Hudson cycles through no less than three doctors, including one particularly befuddling relationship with a renowned behaviorist (Mary Steenburgen, Elf), all of which he builds different types of associations with in the film. Numb circulates around his strife to find the right doctor that will "fix" him, much in the same way as many mentally ill people do in the course of a lifetime. He strikes many different kinds of bumps in the patient-therapist bond with each practitioner, ones that poke fun at some rather serious topics of malpractice and murky doctoral relationships. Numb is lighthearted much in the same ways that One Flew Over The Cuckoo's Nest is regarding medication -- which really means that it carefully walks along a eerily dark line. There's a keyhole there, though, that can allow for humor to be seen. It's an attractively captured keyhole at that, aptly photographed by Juno's richly color-focused cinematographer Eric Steelberg.
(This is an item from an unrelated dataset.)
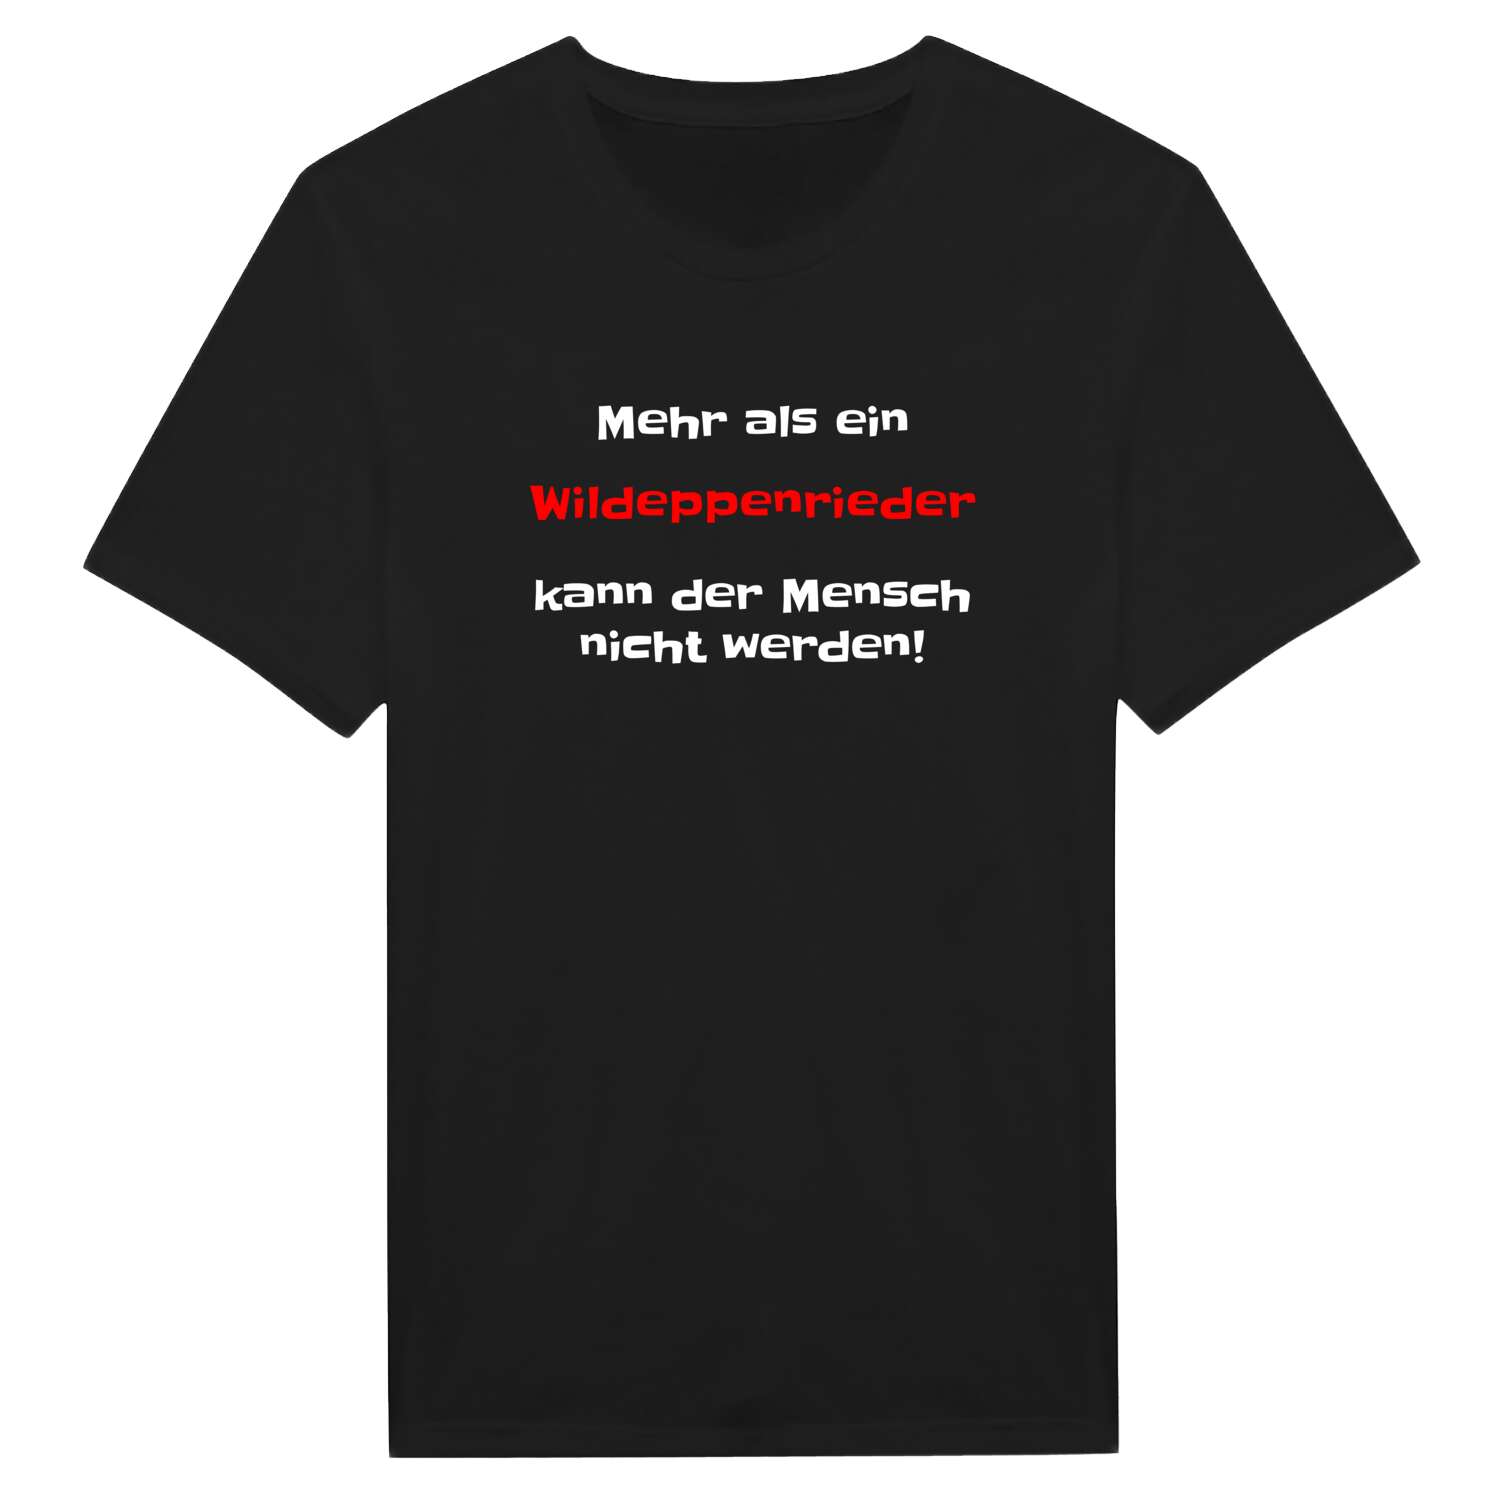 Wildeppenried T-Shirt »Mehr als ein«

Accurately portraying an individual that is both apathetic about the world and wishing with all his might to not be that way is no easy feat, but Matthew Perry handles Hudson's disconnected persona with a surprising level of organic potency. He's able to communicate through his twitchy movements and conflicted eyes much more than I was expecting, as he can really sell you on the idea that he wants to pull himself out of his aching numbness. Moreover, much of his eccentric Friends and Whole Nine Yards type of dialogue is picked clean from Numb, leaving only the honesty and pain that Hudson feels in Perry's voice as the character rustles enough gusto together to keep on living. The one thing that kept my complete enthrallment reserved is Numb's reliance on Hudson's wavering narration. It flounders between hit-and-miss insightfulness and bland hand-holding through the narrative, though it ultimately settles in as a claustrophobic mechanism that helps us "feel" like we're in Hudson's head.
Thankfully, it's a discomforting claustrophobia that we can really get into, as Numb comes out of nowhere with strikingly affective energy. It's interesting how Matthew Perry and writer-director Goldberg utilize his distinct physical traits and mannerisms for Hudson; they almost don't want you to completely forget the fact that he's "Chandler", instead wanting you to soak in his damaged character's discomforting actions and reactions as a weakened and subdued version of his well-known personality. Part of Numb's gravitational interest lies in the ways Hudson's character eccentricities are written, quite well in fact, from his nest-like presence in his home to his fear of societal interaction. It takes the similar humor surrounding As Good As It Gets' agoraphobic nature and tenses it up, but not without keeping a somewhat amusing tone. Harris Goldberg's concrete script, one that walks dangerously close along the line between humor and vividness, lends it some tonal disproportion .. yet, somehow, it rarely neglects to be convincing in either spectrum.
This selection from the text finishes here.